Fry felt as though her last words were lost in the cacophony of diesel engines and steel tubes being thrown on to the back of a trailer. Mackenzie looked at her with an expression of dissatisfaction.

‘And how come Divisional CID got the suspects in custody before we did?’ he said.

Fry took a deep breath. She’d been asking herself the same question.

‘They just had a lucky break,’ she said. ‘It happens, sir.’

‘A body-worn camera?’

‘That’s right.’

‘Technology.’

‘And luck,’ repeated Fry. ‘It was just a coincidence.’

‘A coincidence? More of an inconvenience.’

‘I appreciate that, sir.’

‘Did you have any suspicion that it would turn out this way, Diane?’

‘No. It was a complete surprise to me,’ said Fry. ‘I’m sorry.’

‘No need to apologise. They were circumstances out of your control. Out of anyone’s control.’

‘We’re on it now. A murder charge takes precedence.’

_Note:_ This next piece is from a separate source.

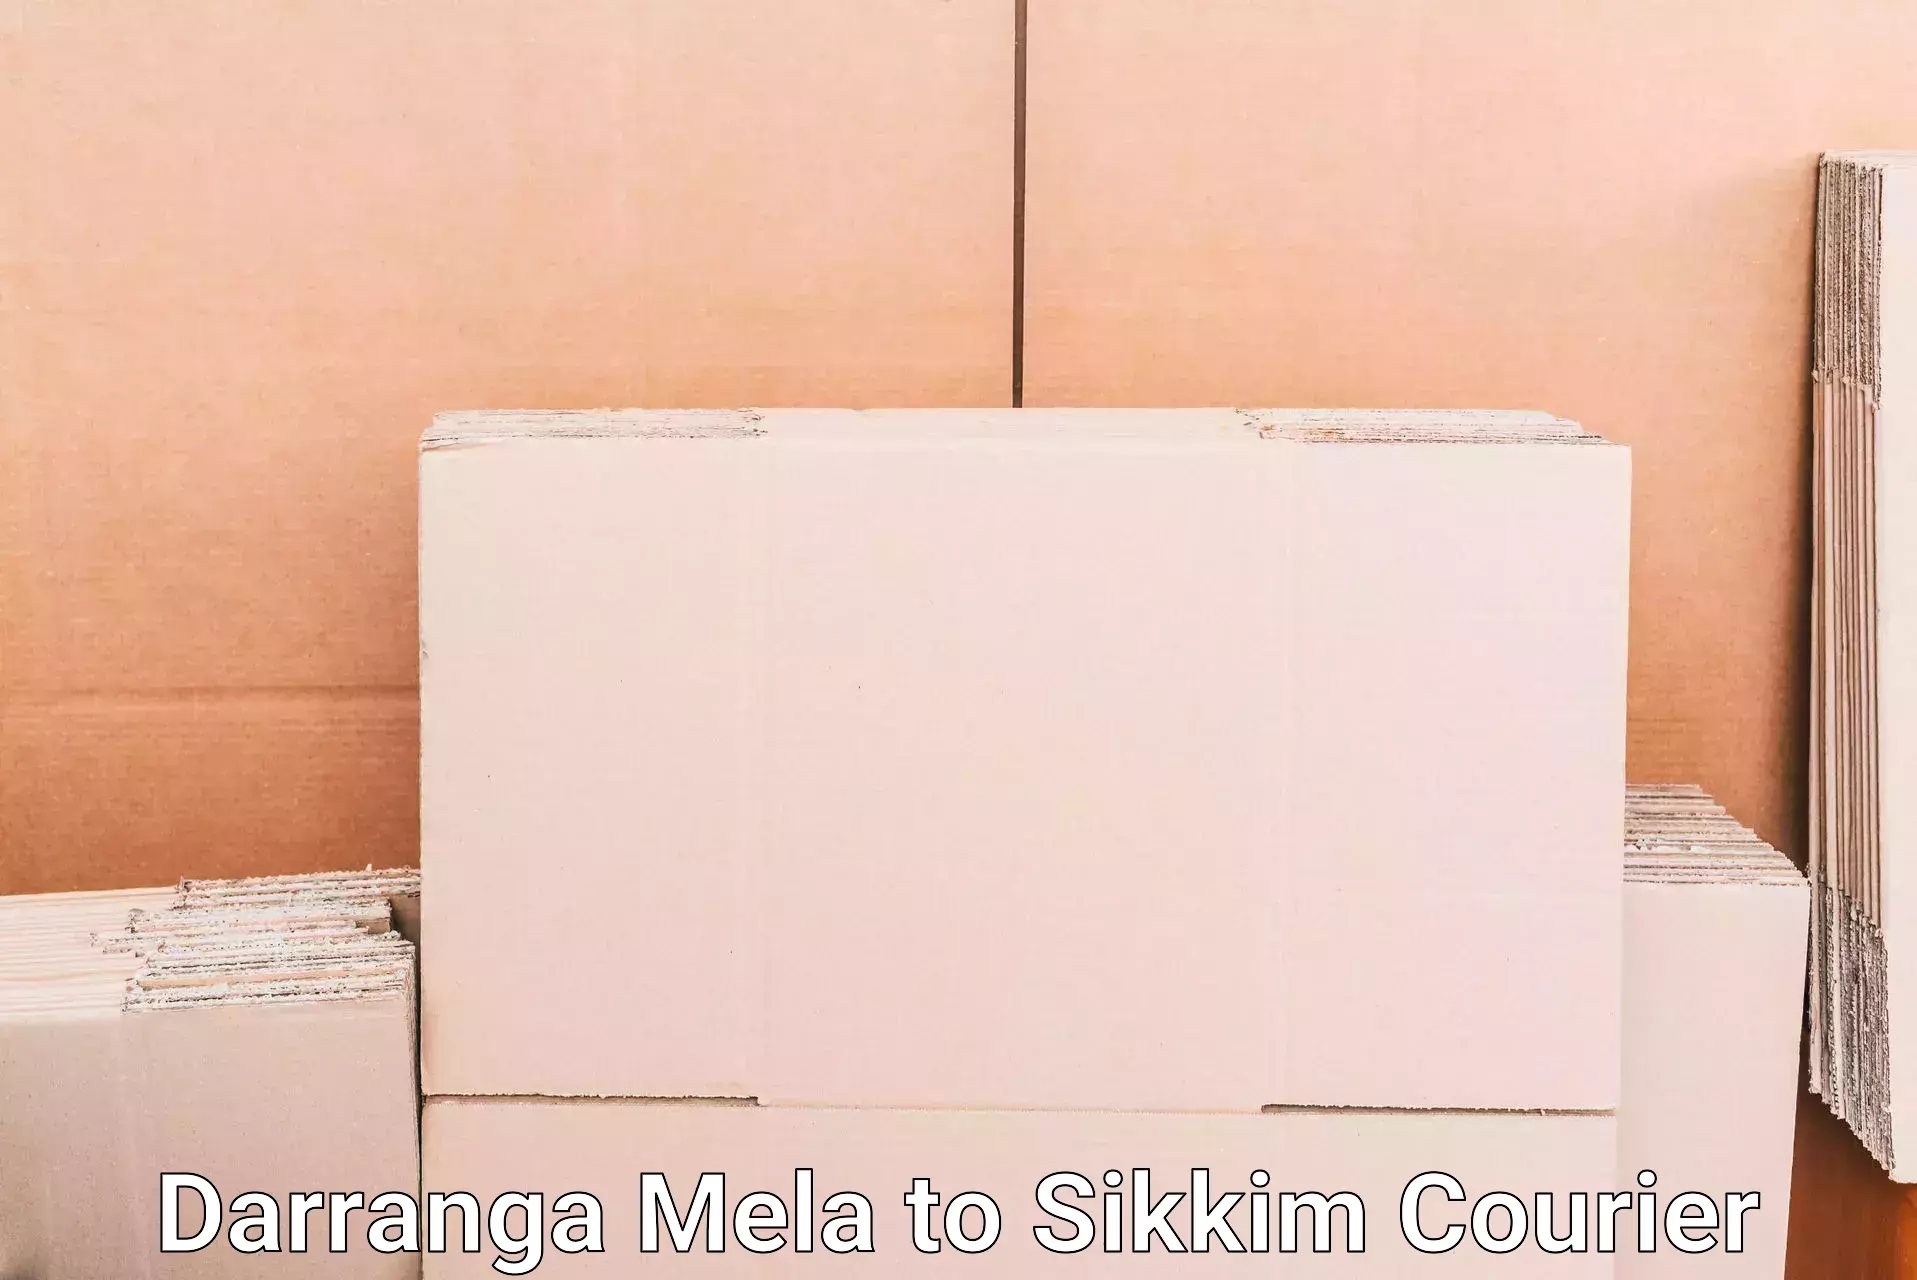 Baggage transport scheduler Darranga Mela to Pelling

Mackenzie wiped his hands on a paper napkin and dropped it into a litter bin. A man on a mobility scooter buzzed past them, just missing Mackenzie’s toes. There seemed to be a lot of mobility scooters in Shirebrook. A lot of old people’s bungalows. A lot of England flags.

‘DS Fry...’ said Mackenzie.

‘Sir?’

‘Please try to make sure the next thing that happens is neither a coincidence, an inconvenience — or a surprise.’

‘Of course.’

‘So are we finished in Shirebrook? We’ve got the suspects locked up, we’ve got the statements we need. It’s just a matter of doing the paperwork and putting our case together for the CPS.’

‘There’s just one more job I want to do here,’ said Fry.

Mackenzie raised an eyebrow, but didn’t question her. ‘Do you need DC Callaghan?’

‘Not really.’

‘Well, keep him anyway, Diane. I’ll leave you to it. See you both back at St Ann’s.’

Fry watched him head back to his car. The stalls were almost gone now, the Transit vans had left. The marketplace would be empty and deserted again soon, just the way it had been when she first arrived in Shirebrook. Had anything changed in these last few days? It wasn’t very likely.